# [What you are asked to do]
What you return should be the complete data below, word for word, with no pictures in it.

# [Source material]

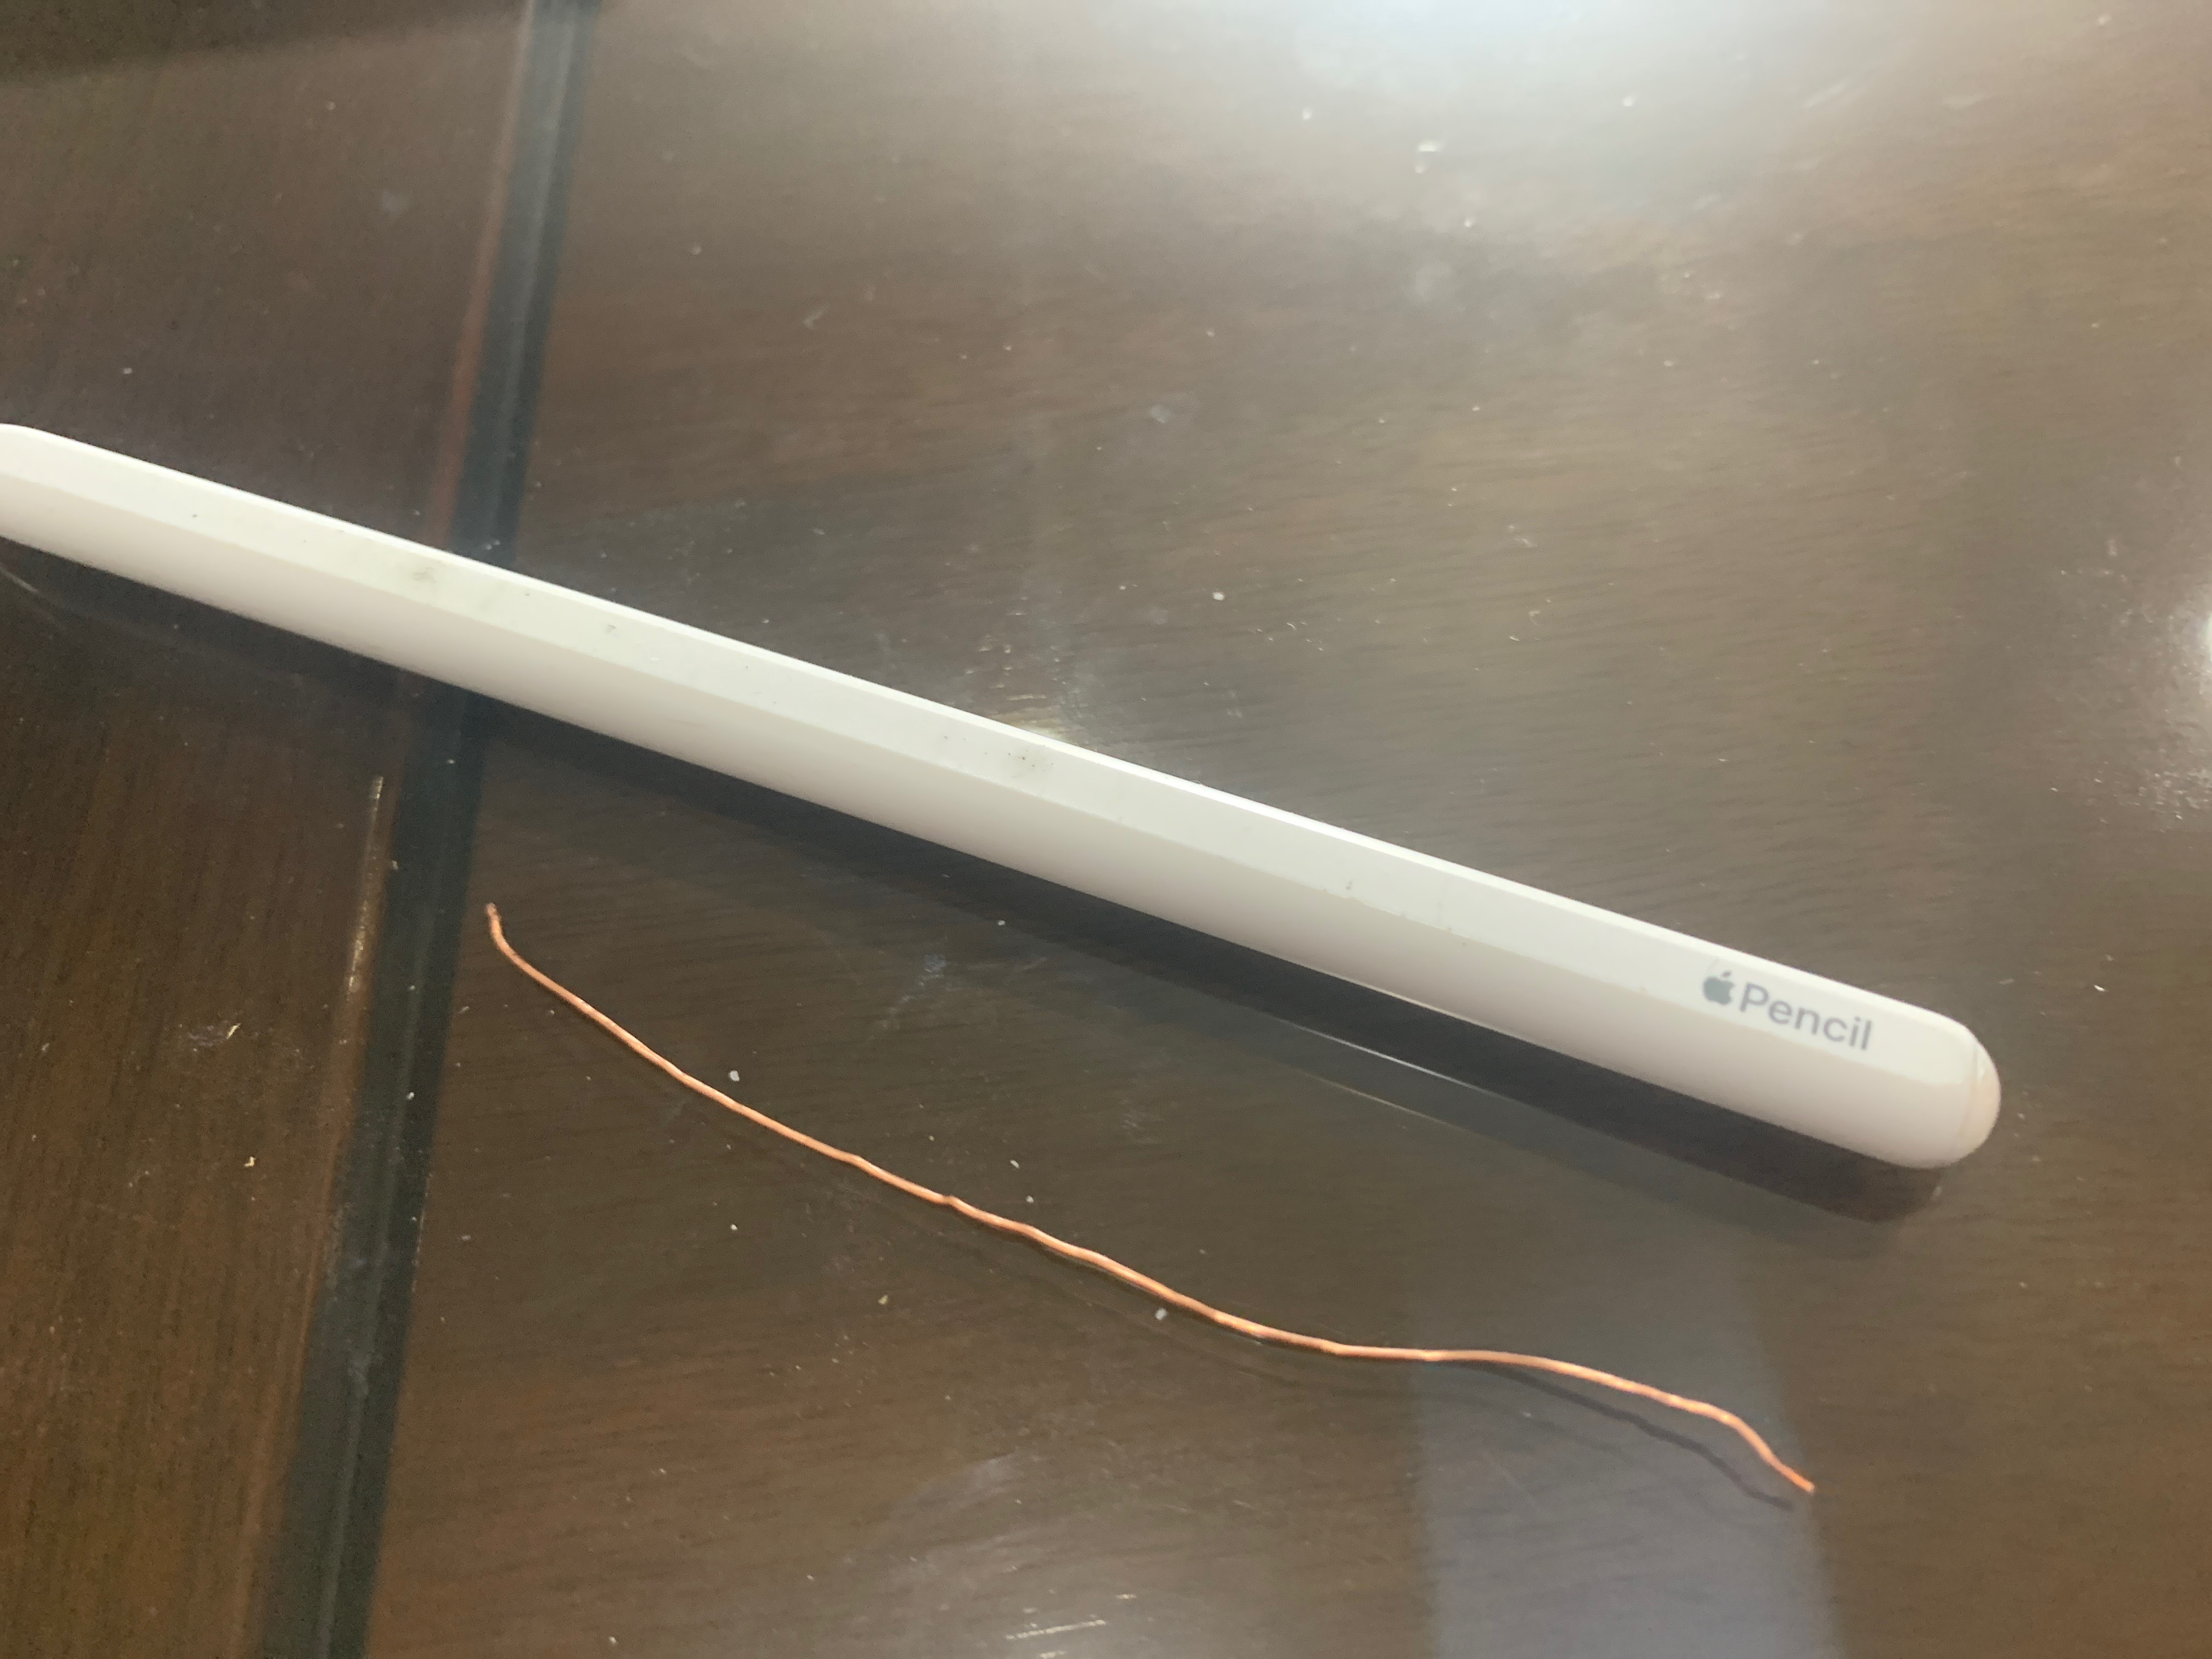 Can a dead Apple Pencil be fixed?
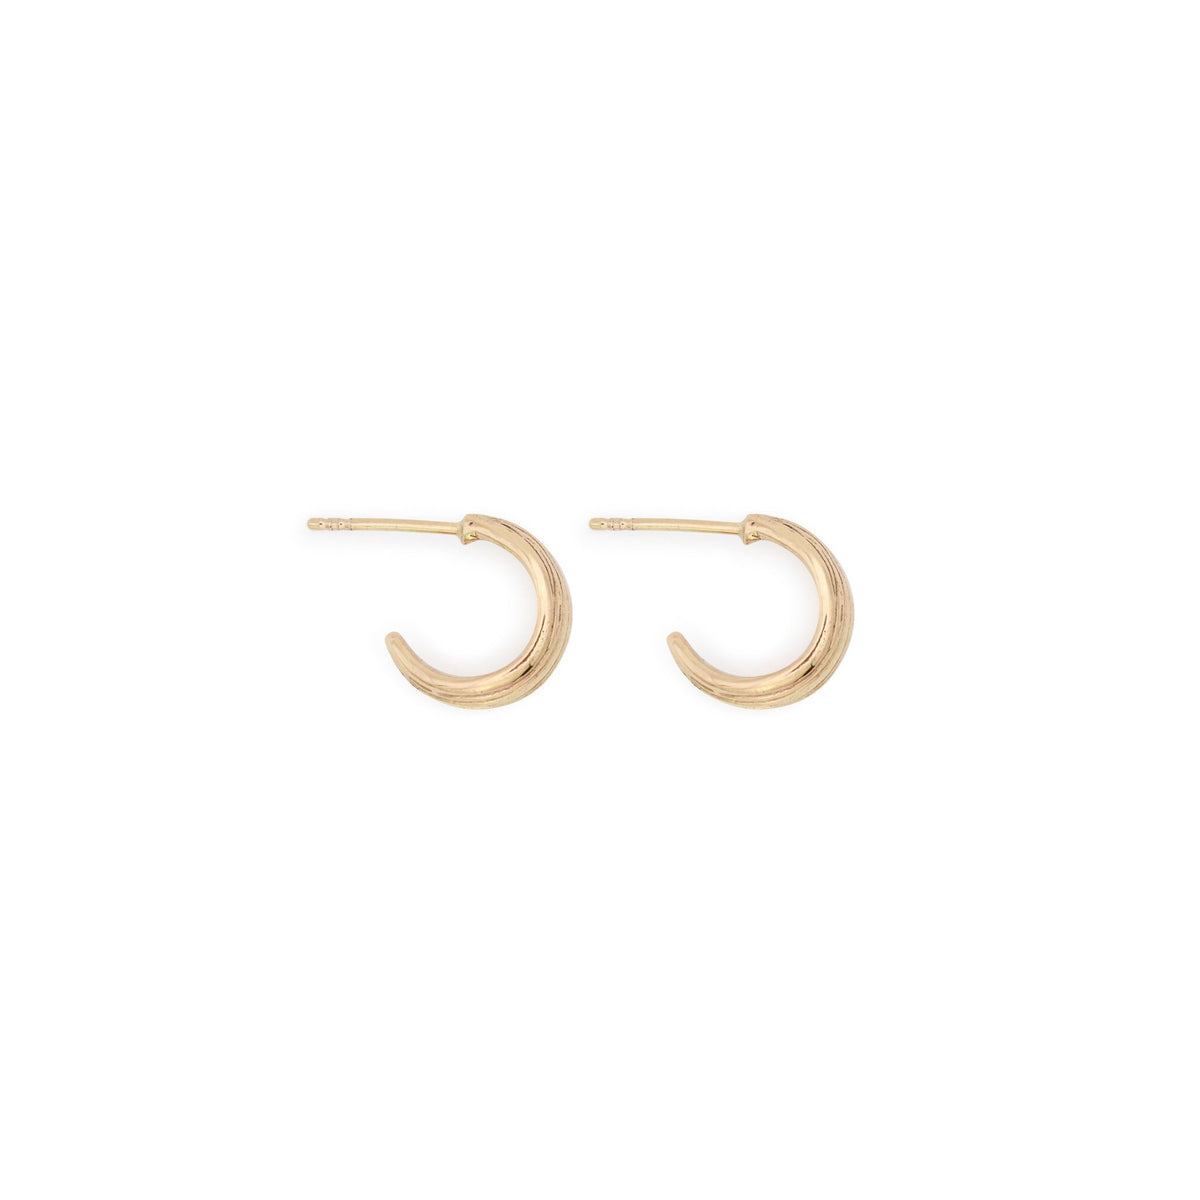 Faro Line Hoops - Ethically Made Earrings by Catori Life | Catori Life
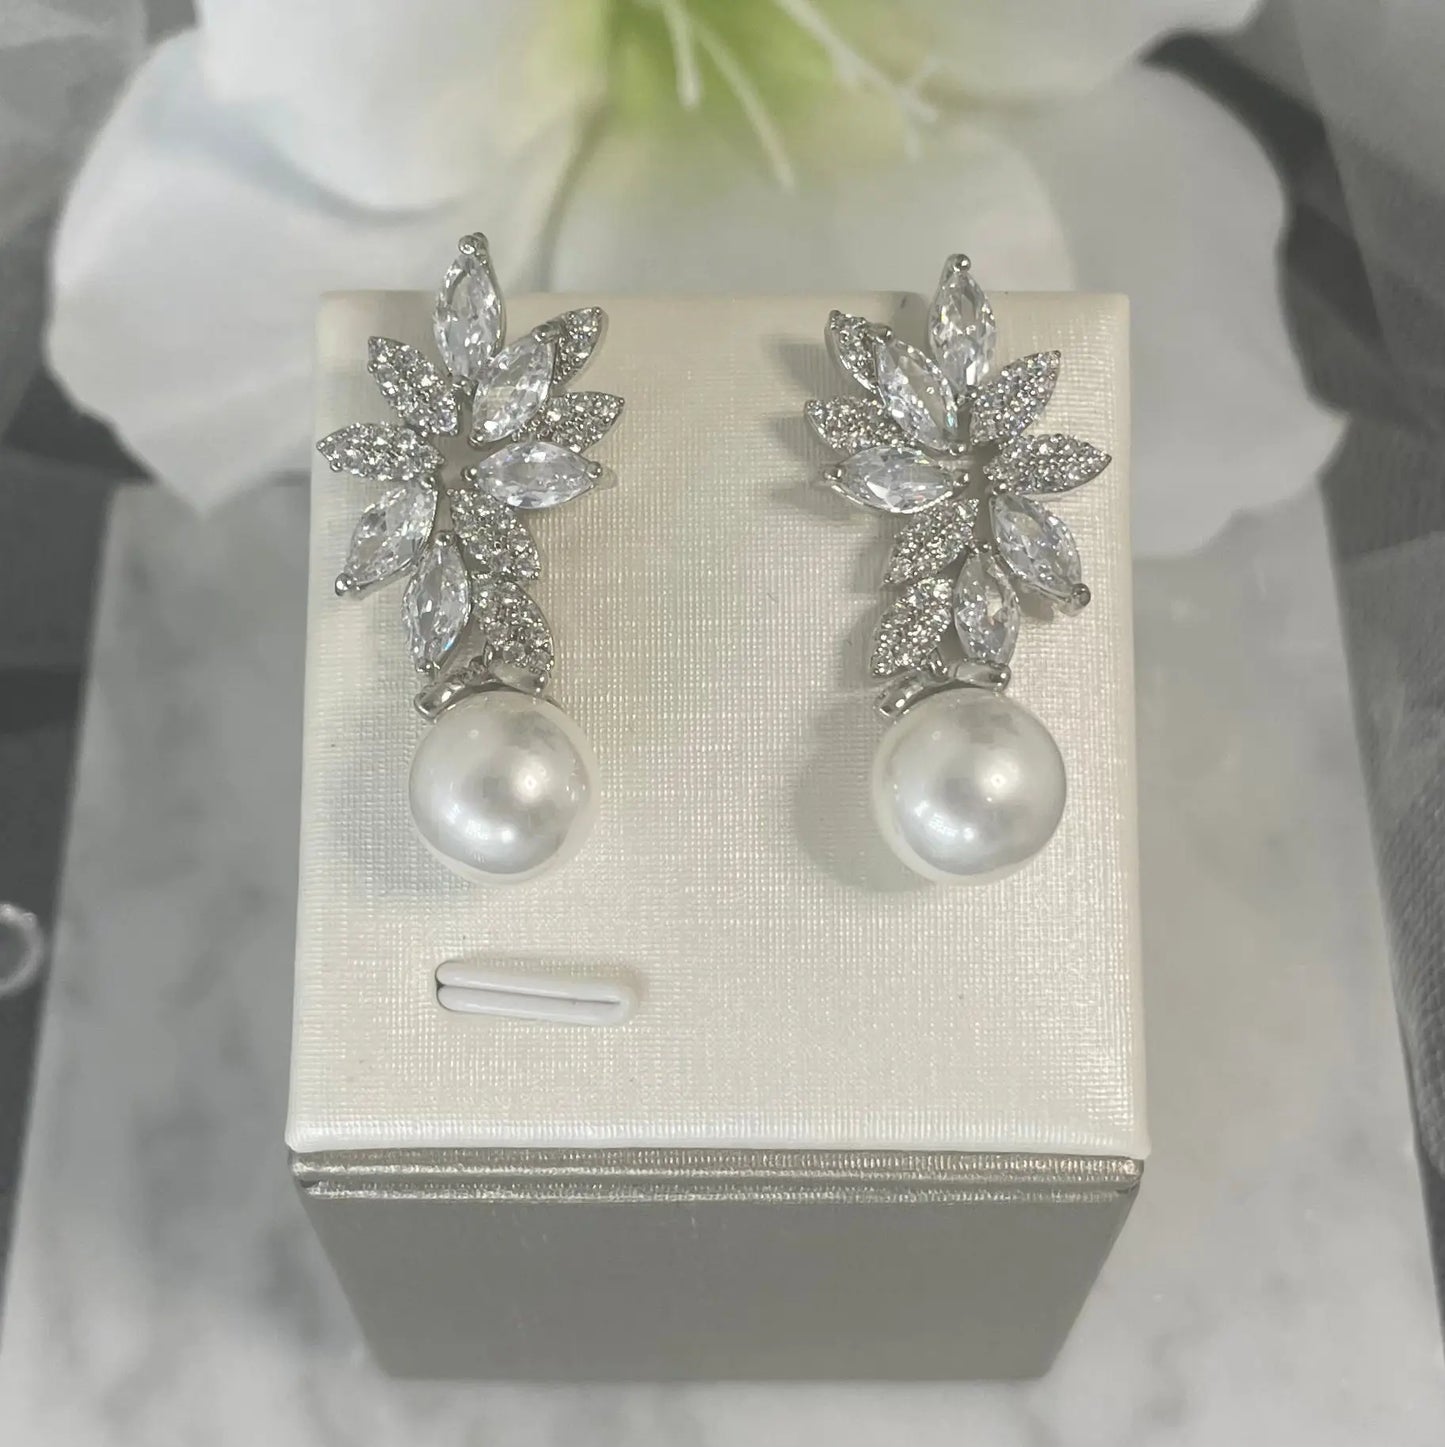 Indi crystal pearl earrings with floral and leaf motifs, featuring delicate crystals and a drop pearl, set in sterling silver, perfect for enhancing wedding and special occasion attire.

# [Final answer]
 Can a dead Apple Pencil be fixed?
 Faro Line Hoops - Ethically Made Earrings by Catori Life | Catori Life
 Indi crystal pearl earrings with floral and leaf motifs, featuring delicate crystals and a drop pearl, set in sterling silver, perfect for enhancing wedding and special occasion attire.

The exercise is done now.